The Bulls are pretty much the only team anyone in Chicago gives a shit about right now, so of course I'm cheering for them. I will be the first to admit though that for many years, I only paid attention to them when they reached the post-season, so I can't act like I've been behind the lineup the entire time. I think Derrick Rose and crew are terrific, but while they're my home team, they're not my team, which is both a relief (the games so far haven't been causing me anxiety-induced intestinal distress) and bittersweet, since I remember very well the days when the Chicago Bulls meant a great, great deal to me.
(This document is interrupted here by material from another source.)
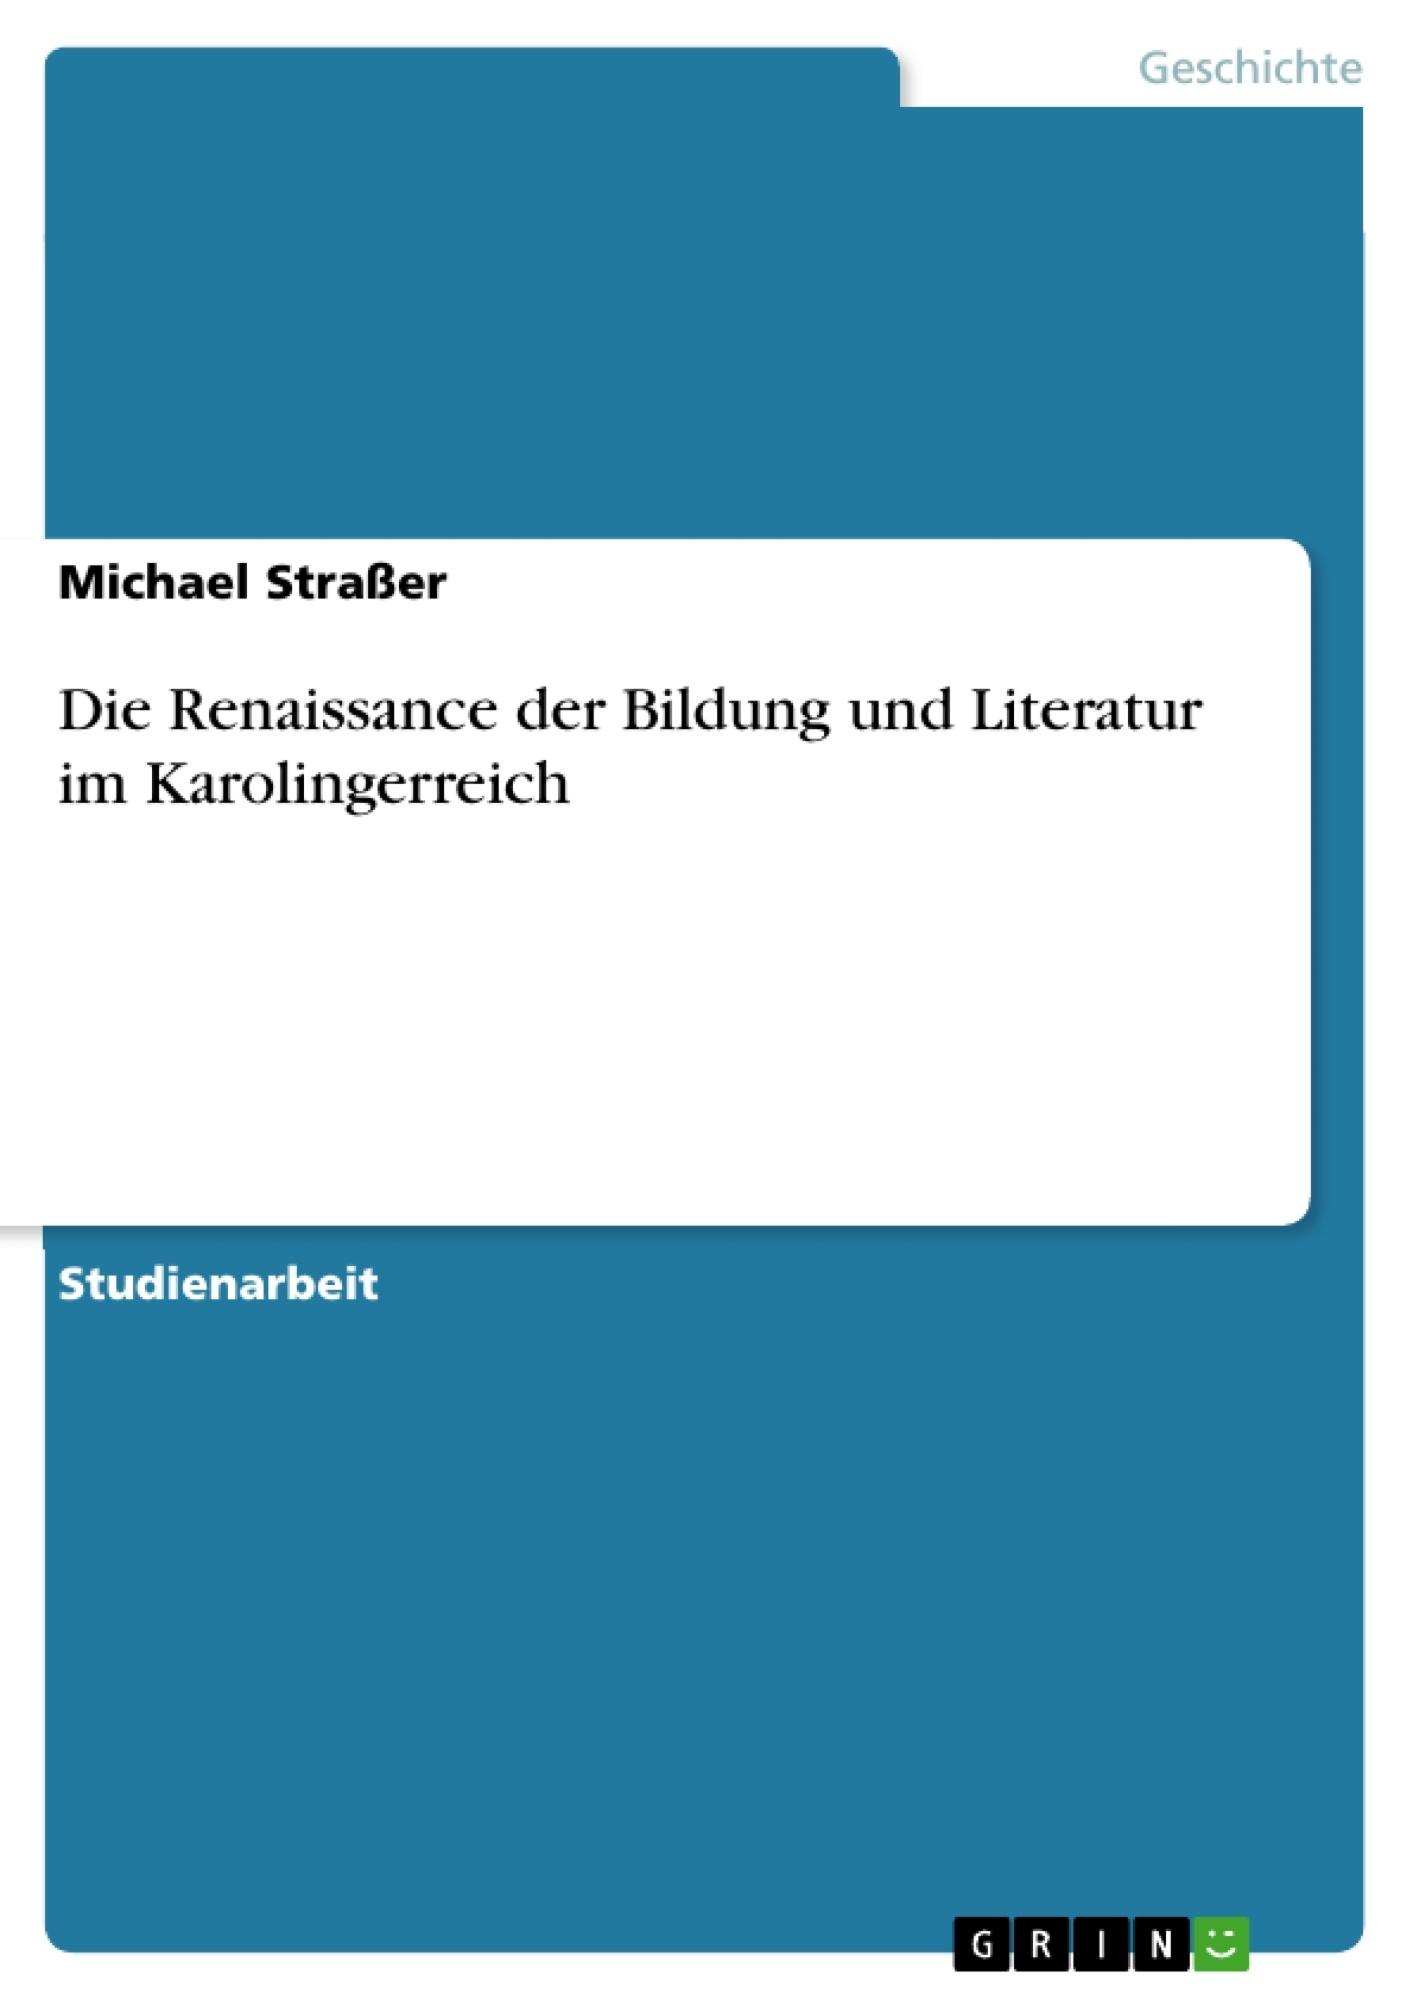 Titel: Die Renaissance der Bildung und Literatur im Karolingerreich

I had dinner with my friend Meghan recently, who I've known since kindergarten. "I think it's funny that I start watching NBA basketball twenty years after I stopped and they play all the same song clips and sound effects," I said. Meghan started imitating the stomp-stomp-clap sound effect the stadiums play when a ball's being brought up the court. I said I couldn't believe that "Whoomp! There is Is" is still relevant somewhere. There's the same Benny the Bull, Luv-a-Bulls, "Rock n' Roll, Part 3," same "Another One Bites the Dust" when the Bulls win at home. We've grown up and changed a lot but in several ways, the game has not.
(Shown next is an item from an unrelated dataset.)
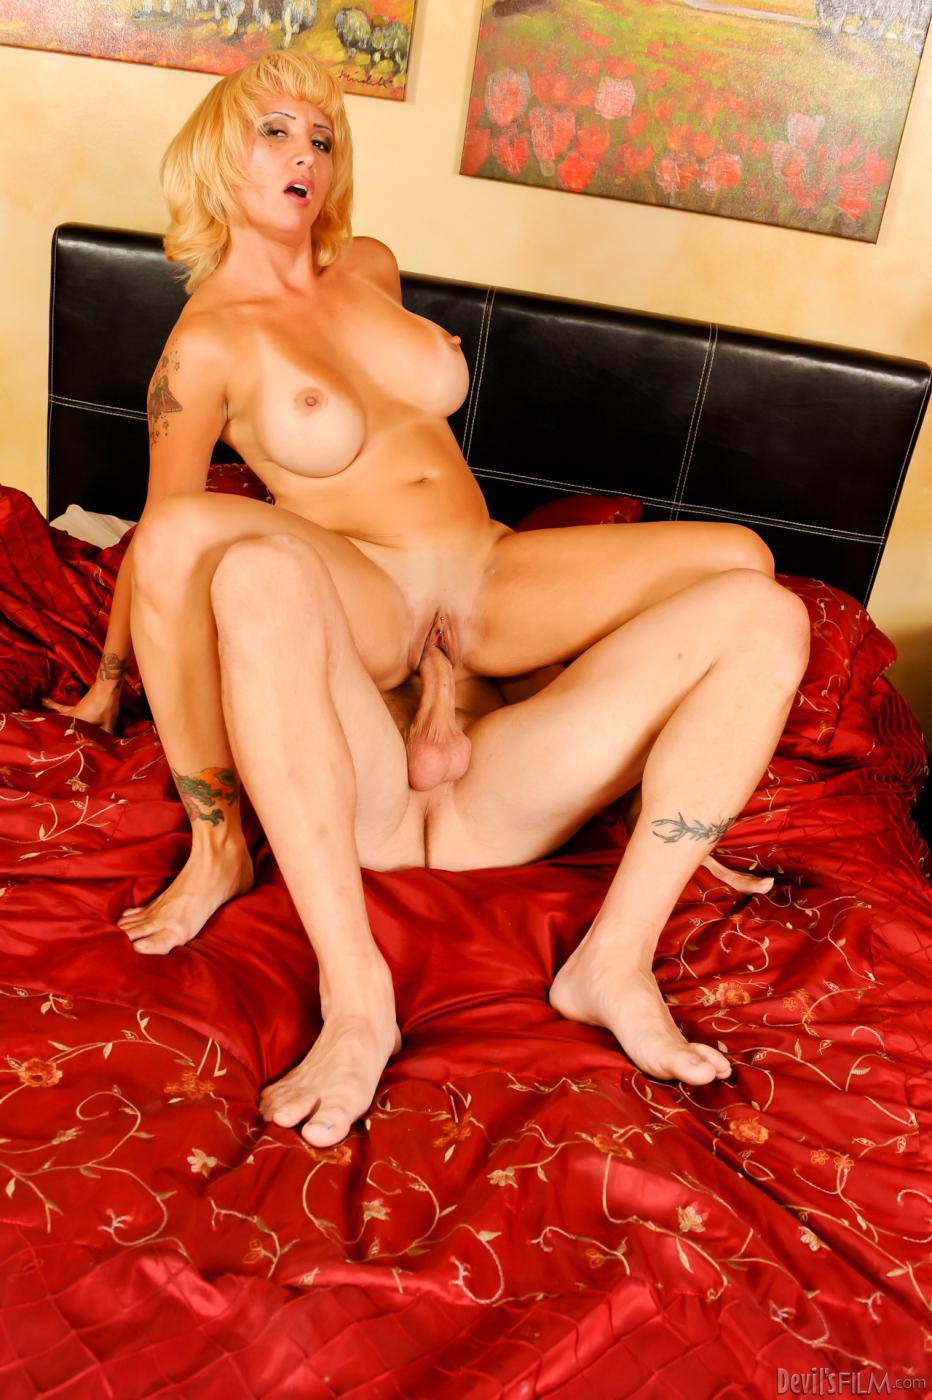 Титястая блондиночка Sophia Mounds легко удовлетворяет мужчину оральным и вагинальным сексом

But of course, my old Chicagoland friends and I don't mind this sameness at all. It helps take us back to where we were 20 years ago, which was the last time the Bulls were this far in the playoffs. We were 12 years old when the Bulls won their first championship. Twelve is an age where things that are cool are VERY important to you. Bulls aside, professional basketball in and of itself was cool in 1991: to my mind, the new golden era of the sport coincided with a full-on mainstreaming of hip-hop culture. It was just good marketing that the songs we liked to dance to got played on NBA Inside Stuff and during game timeouts. Black, white, boys, girls, athletic or inept, we all bought the shoes, played basketball, watched basketball. Basketball was exciting, basketball was cool, basketball was coincidentally what everyone else at school was also into so it actually behooved us to care.

But what was fun was that, if basketball itself was cool, in the early '90's, Chicago was the center of cool. We of course worshiped Michael Jordan, but we loved all the guys around him too over the seasons: Scottie and Dennis and Horace and Stacey and BJ and John and Will and Bill. And it wasn't just us: our parents, teachers, coaches and priests all cared about the team as well. It was something we could all talk about. The whole city was buzzing. I loved how the entire city rallied around the team when they were in the finals: the papers ran punny ads about them (During a series against Portland, Chevy placed ads that said THE BLAZERS MUST GO) and the skyscrapers turned off their lights according to design to spell out BULLS at night.

The night the Bulls won their first championship, at home with my parents, with no other way to express myself, I grabbed a spoon and a pot and ran to the window and screamed and banged, and nothing in the world could have seemed more thrilling or satisfying. Not only had we won, the Bulls were making Chicago history and Michael Jordan was making history. Even now that I'm older and have access to more mature means of celebration, it's hard to imagine a surge of such unfettered joy.

I'm writing this during the fourth quarter in Game Six of the playoffs and it looks like the Bulls will probably beat the Hawks and then go on to play the Heat, which is going to send me on a whole other emotional journey (namely, that the Bulls represent Good and the Heat Evil and thus the Bulls MUST win) but it's a purely 2011 emotion. All us former 12-year-old are 32-year-olds, now and have a lot of other things on our minds aside from basketball, but this young team, so humble and hardworking compared to their last set of rivals of the season, makes us happy to remember the days when the game was one of the only things that mattered.